Hathib bin Abi
Balta'ah RA diutus oleh Nabi SAW membawa surat
ajakan memeluk agama Islam kepada penguasa Iskandariah di Mesir, Muqauqis.
Kehadirannya disambut dengan baik oleh Muqauqis, ia dipersilahkan untuk
menginap di istananya. Muqauqis mengumpulkan pembesar dan ahli perangnya untuk
menemui Hathib.
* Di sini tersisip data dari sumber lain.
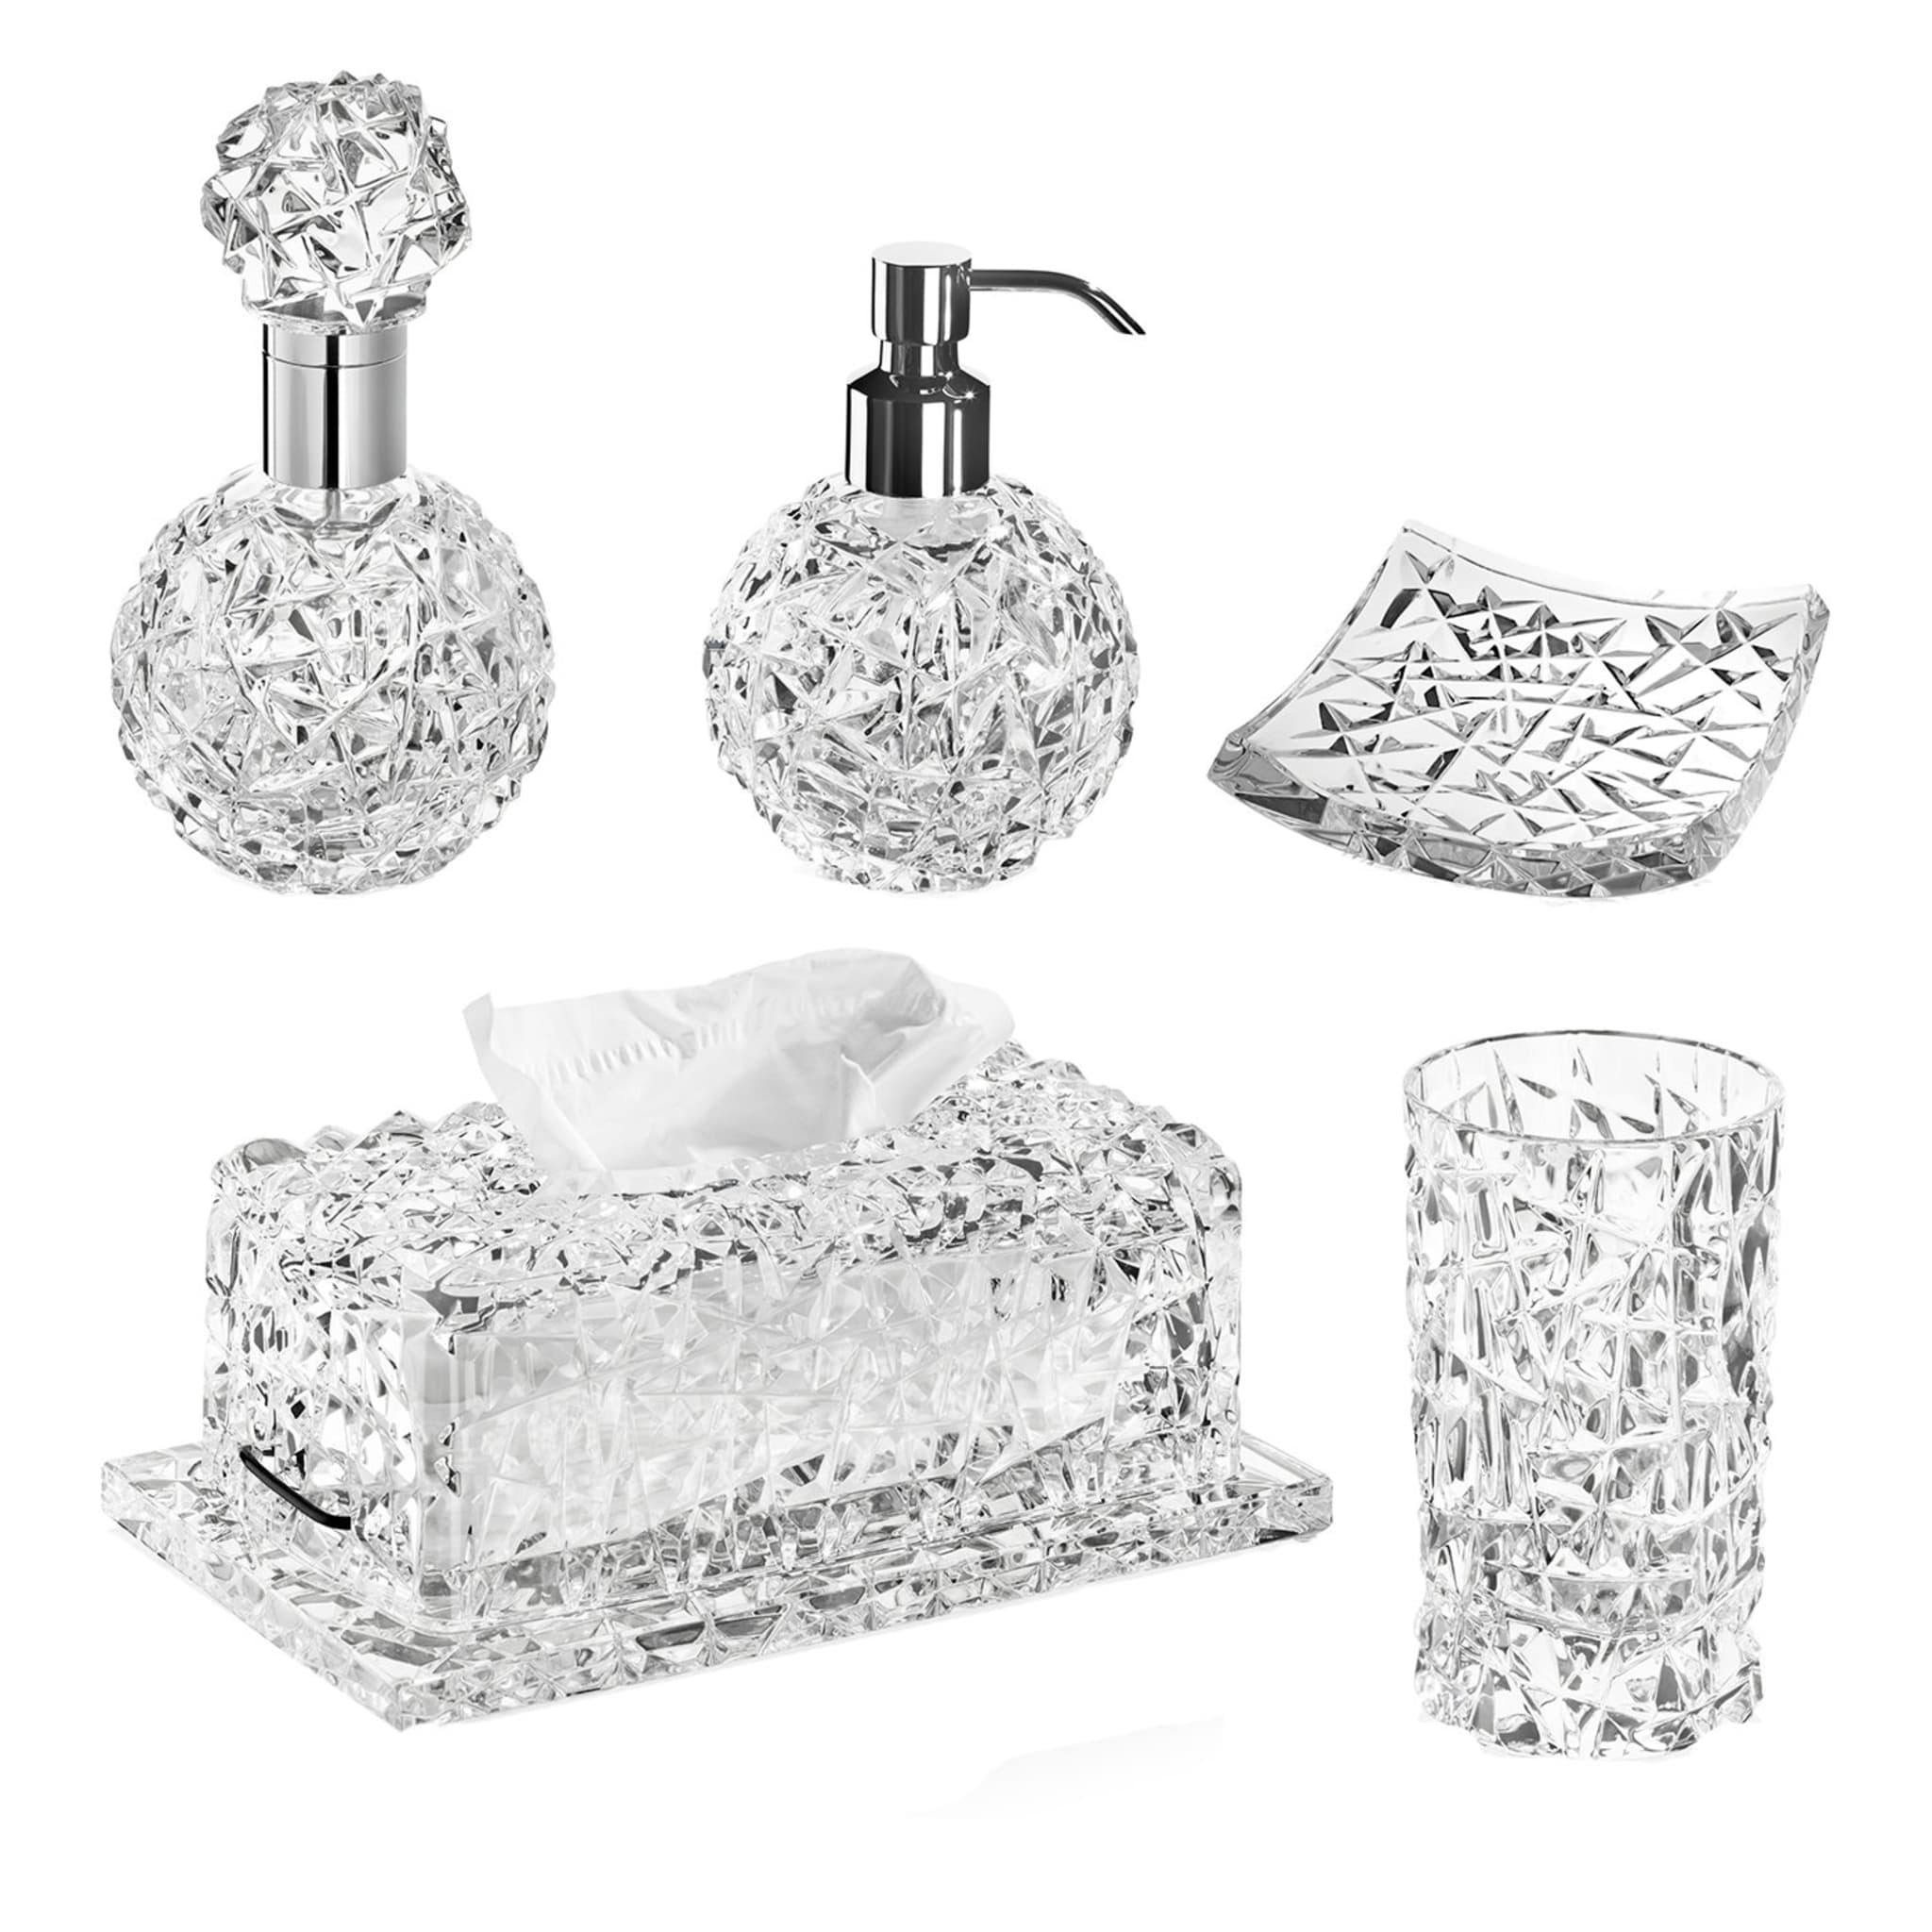 Spa Sinfonia Set of 5 Bathroom Pieces - Main view

Setelah membaca surat
dari Nabi SAW, terjadilah beberapa pembicaraan di antara mereka.
"Beritahukanlah
kepadaku tentang sahabatmu itu, bukankah ia seorang nabi?" Tanya Muqauqis.
"Beliau
adalah seorang utusan Allah," Kata Hathib mengawali, kemudian ia memberikan
penjelasan lagi tentang Nabi SAW dan risalah Islam yang dibawa beliau.
Muqauqis
bertanya lagi, "Mengapa ia -dalam kedudukannya sebagai seorang nabi- tidak
berdoa supaya kaumnya dibinasakan karena mereka telah mengusirnya dan
orang-orang yang mempercayainya dari kampung halamannya?"
"Bukankah
engkau percaya Isa bin Maryam seorang utusan Allah?" Kata Hathib
diplomatis.
Ketika Muqauqis mengiyakan,
ia berkata lagi, "Mengapakah ia -ketika kaumnya ingin menyiksa dan
menyalibnya- tidak mau berdoa untuk
keburukan kaumnya, dengan memohon agar Allah membinasakan mereka, malah
Allah mengangkatnya ke langit dunia?"
Muqauqis tidak
berkutik ketika pertanyaannya menjadi senjata makan tuan bagi dirinya sendiri.
Kemudian ia berkata, "Engkau adalah orang yang bijaksana, datang dari sisi
orang yang sangat bijaksana."
Muqauqis belum bersedia
memeluk Islam, tetapi tidak menghalangi dakwah Islam di Iskandariah dan sekitarnya.
Ia memberikan hadiah untuk Nabi SAW berupa kain, baghal dan tiga hamba sahaya,
dua di antarannya wanita, yakni Mariyah al Qibtiyah yang dinikahi Rasulullah
SAW, dan satunya lagi dihadiahkan Nabi SAW kepada Hassan bin Tsabit al Anshari. Sedangkan
hamba lelaki bernama Sirin, dihadiahkan Nabi kepada Muhammad bin Qais al Abdi.
Nabi SAW membalas dengan memberikan hadiah-hadiah
lebih baik dan menakjubkan kepada Muqauqis.